Cilasun komünist zaviye ile dar anlamda metodolojik bir duruşa işaret etmiyor da olabilir. Daha çok tarihî bir şahsı anakronizm kaygısı taşımadan nasıl yargılamamız gerektiğine dair normatif bir duruşa işaret ediyor. Nitekim Cilasun benim elimdeki kitapta yüz küsur sayfa tutan ve “Neden Said Nursi?” başlıklı bölümde Said Nursi’ye farklı zaviyelerden bakanların Said Nursi yorumlarını tartışıyor. Bir anlamda kendi zaviyesini onlara karşı konumlandırarak, komünist bir zaviyeden bakışın söz konusu zaviyelerden yapılan yargılamalardan nasıl farklılaşacağını görmemizi istiyor. Kısaca belirtmek gerekirse, Cilasun’a göre, aslında iki grup ideolojik duruş vardır: komünistler ve geri kalanlar. Geri kalanlar kapitalist sistemle ürettiği ilişkilere (ki söz konusu ilişkiler devlet-birey ilişkileri, devletlerarası ilişkiler ve cinsiyet ilişkileri gibi geniş bir yelpazede düşünülmeli) radikal bir eleştiri getirmeyenler, hatta hiç sorgulamadan kabul edenler. Bu zaviyeden bakıldığında aslında Said Nursi’nin Mustafa Kemal’den bir farkı yoktur. İkisi arasındaki fark daha çok, hatta sadece, din üzerindendir.

“Küfür tek millettir” minvalindeki bu yaklaşım kişisel bir tercih elbette. Fakat farklı ideolojik konumları aynı zeminde buluşturma gayretinin bazen zorlama yorumlara sebep olduğunu, ayrıca nihayetinde kitabın hikâyesine pek fazla da bir katkısının olmadığını not etmem gerekiyor.

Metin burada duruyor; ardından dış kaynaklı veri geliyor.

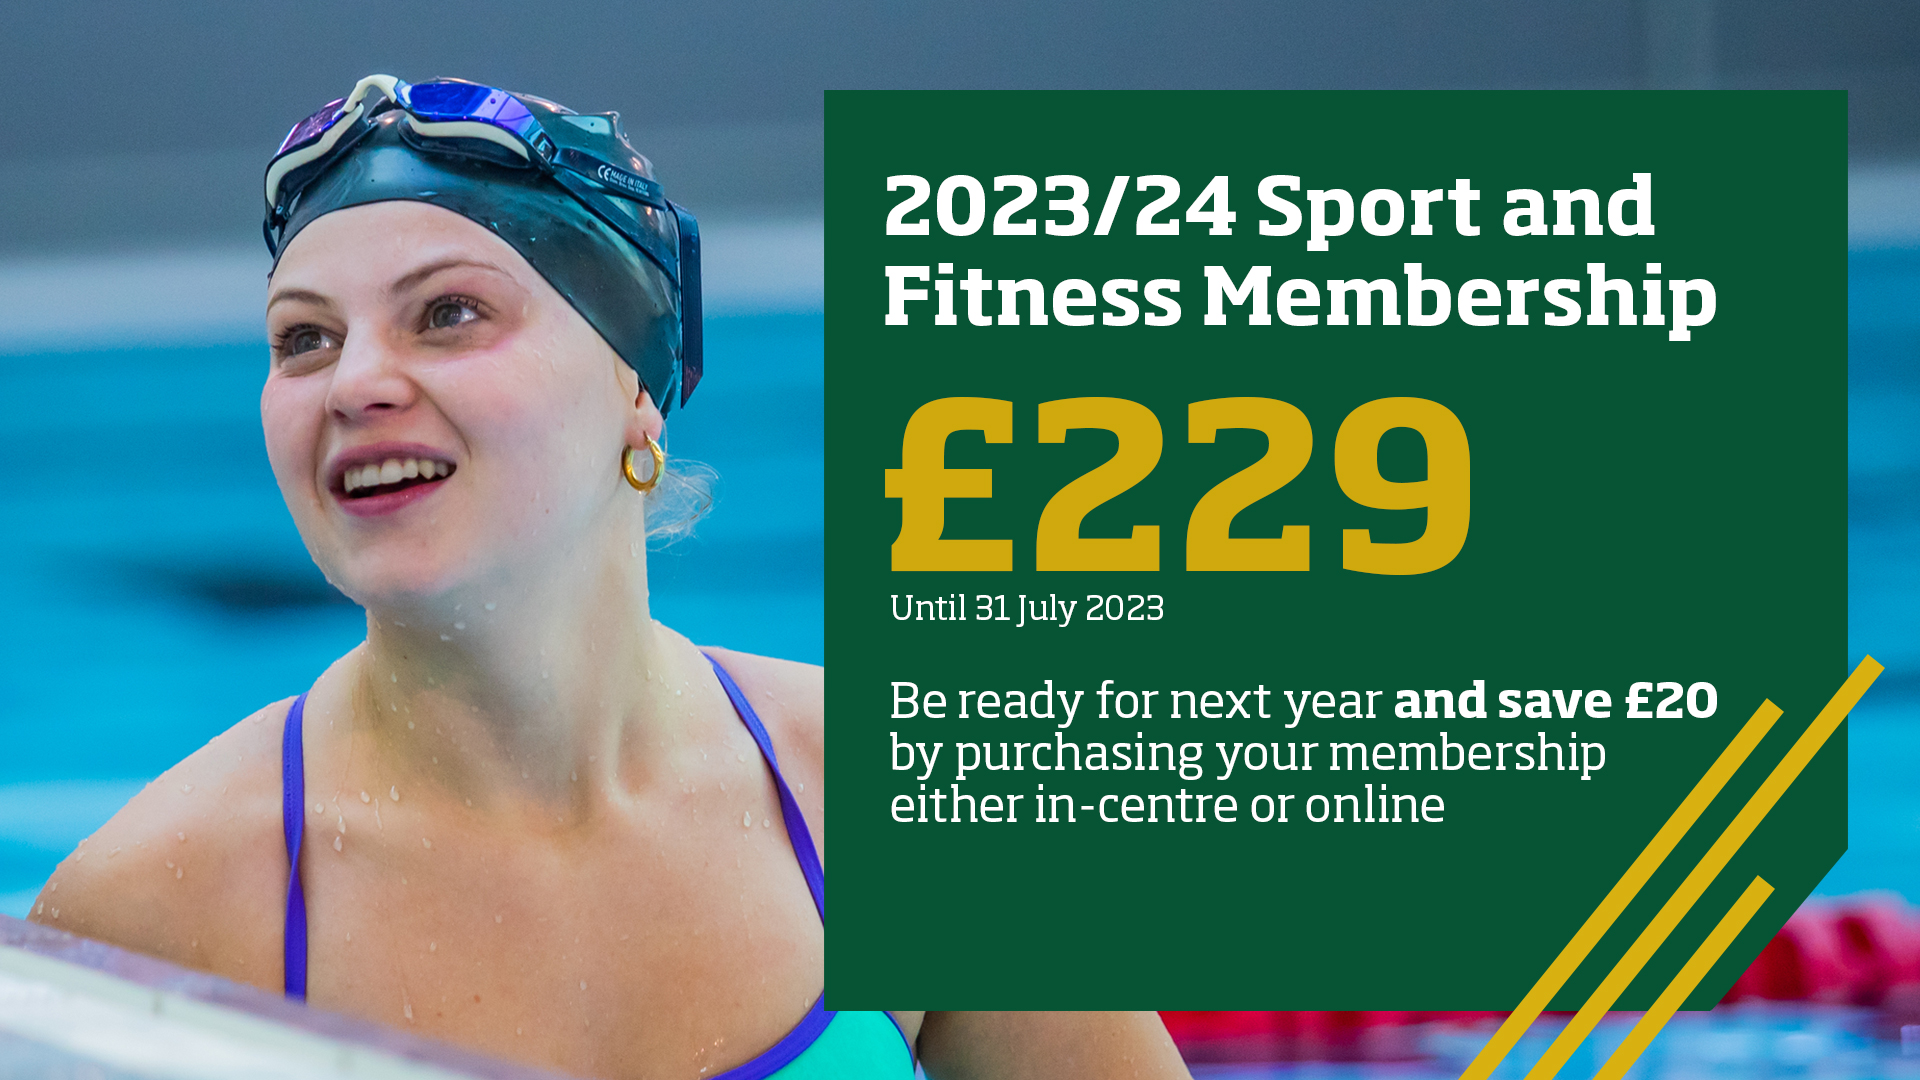 £229 student membership for 2023/24

Bitirirken… En değerli çalışmaların var olan bir tartışmayı bitirici çalışmalar değil, konu üzerine daha çok soru sormamıza, daha derin düşünmemize yardımcı olan çalışmalar olduğuna dikkat çekerek bitireyim. Emrah Cilasun’un Said Nursi biyografisi kesinlikle böyle bir çalışma. Cilasun sadece Said Nursi’nin hayatında anlatılagelen bazı gariplikler ve karanlıklara ışık tutmuyor, aynı zamanda Osmanlı/Cumhuriyet modernleşmesinin Türkiye’de din-devlet ilişkilerini nasıl değiştirip dönüştürdüğüne dair de önemli gözlemler yapma fırsatı sunuyor. Kısaca Cilasun’un Said Nursi biyografisi bu konulara ilgi duyan herkesin mutlaka okuması gereken bir kitap.


[1] Emrah Cilasun, Yeni Paradigmanın Eşiğinde Bediüzzaman Efsanesi ve Said Nursi Gerçeği: Yabancı Arşiv Belgeleriyle, İstanbul: Tekin Yayınevi, 2018.